“非也。”
张默喜马上撒开手,埋怨说:“哼,不懂情趣。”说完,她趴上桌面打哈欠。
晏柏看向她,略显失落。
黑暗中,她闭上眼睛打盹。
片刻,一条黑影慢慢地靠近她的后背。
“夫君。”她闭着眼突然吭声。
晏柏一怔:“你……还没睡?”
“哼,别趁我睡着对我做害羞的事,偷偷亲我也不行。”
他抿唇:“不会,你安心睡。”
“嗯……”
长长的眼睫毛翘起,白皙的脸蛋难得恬静,他收回视线,凝视地板发呆,怀揣满腹心事。
一会儿,张默喜睁开眼睛,眸子犹如暗室的灯光,明亮动人。“我睡不着,趴着太难受了。”
晏柏侧目:“旁边有床。”
“不要,一股消毒液的气味,难闻。”她坐直伸懒腰。“还有两个多小时天亮,天亮后援军应该到了。”
他一声不吭,如同一道无声的影子。
“这里太冷了,回去后我们去海南度假吧?”
“好……”
“你在想什么,心不在焉的。”
乒乓!
隔壁某个房间突然响起打碎玻璃的声音,晏柏紧盯诊断室的门口,凛冽的面容像狩猎的狼。
匆匆的脚步声跑去那个房间,没有传来战斗的动静,似乎是不小心打碎而已,没多久卫生所重归平静。
晏柏握紧拳头,看向挨着他胳膊的脑袋,欲言又止。
片刻,他慢吞吞地说:“离天亮有一个时辰,我们去找甄教授打探,他或许还晓得一二。”
“好啊。”
两人一起去病房,恰好甄教授醒着,眺望窗外的夜色。他宁静的侧脸,是一盏独酌的清茶。
对于两人来访,他很平静。
“你们听过方生方死,方死方生吗?”他问。
张默喜扫视垃圾桶里的碎片:“没有。”
他推眼镜:“是庄子的话。世间万物从出生开始就慢慢地步向死亡,反之亦然,死亡意味着生命的诞生。”

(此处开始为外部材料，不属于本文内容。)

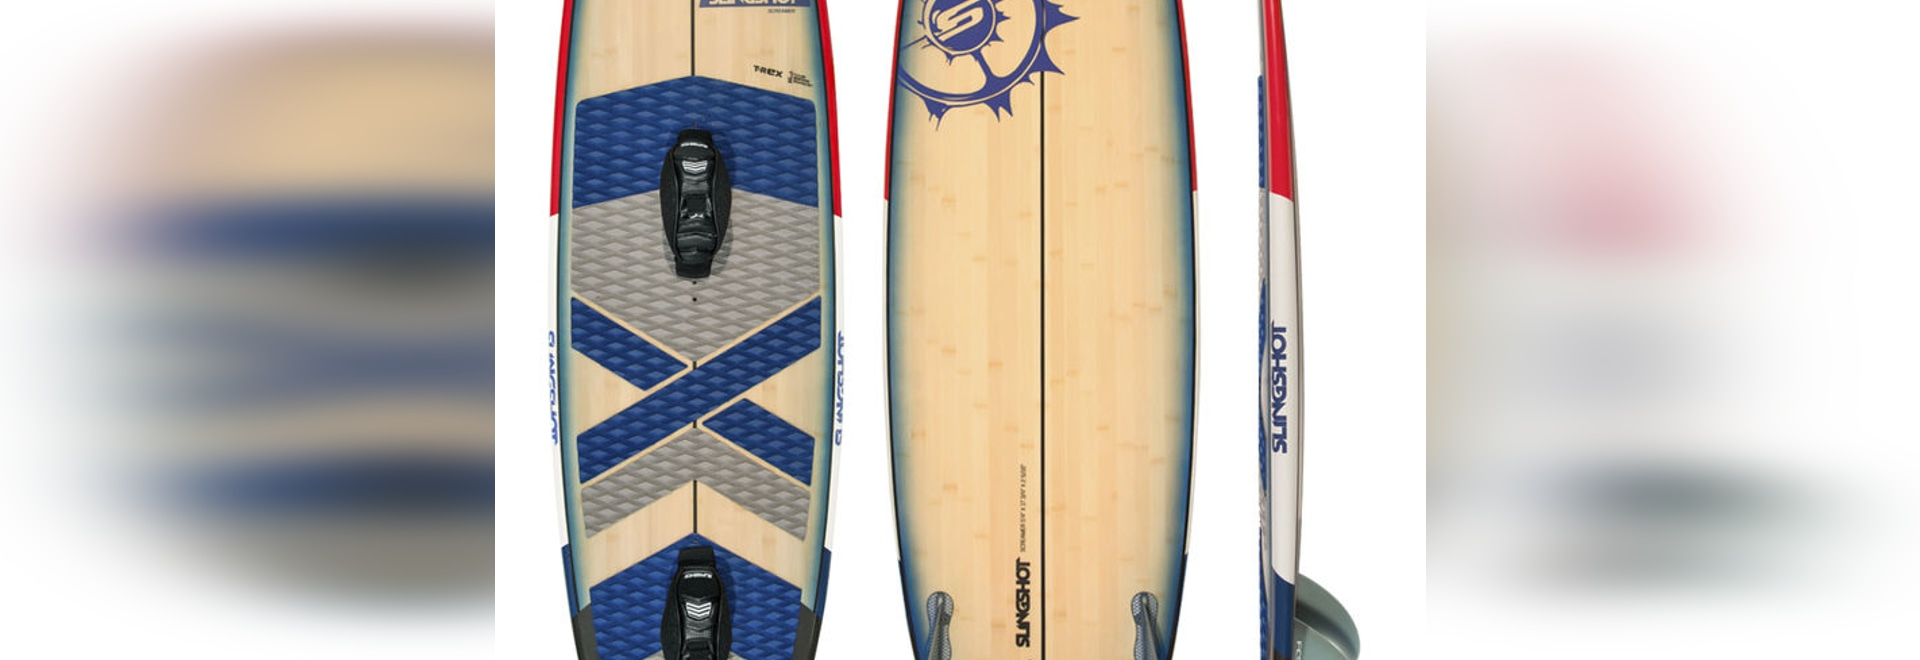 NEW: surf kiteboard by SlingShot

她不懂他为什么说这些,他的语气是波澜不惊的冷漠,仿佛死亡与他无关。“生和死是大自然的规律之一,万物都有消亡的一天,就算长生不老也要付出代价,这是能量守恒定律。”
“你相信这个世界的'道'?”
“它存在。”
甄教授点点头:“你信超然这个世界的天道的存在吗?”
张默喜瞳孔紧缩:“你是谁!”
他一瞥她身旁的晏柏,眼里的锋芒冰冷:“你竟然不忍心。”
晏柏目光游弋。
张默喜猛然后退,但见病房的门早就关上,她警惕地盯着晏柏:“你是假的!”
他回避张默喜的视线,尾音微颤:“我不可以么……”
“你是村里的树妖?”
“非也,我也是他!”他的眼睛充血,双手抓住张默喜的胳膊。“我可以代替他作你的夫君!”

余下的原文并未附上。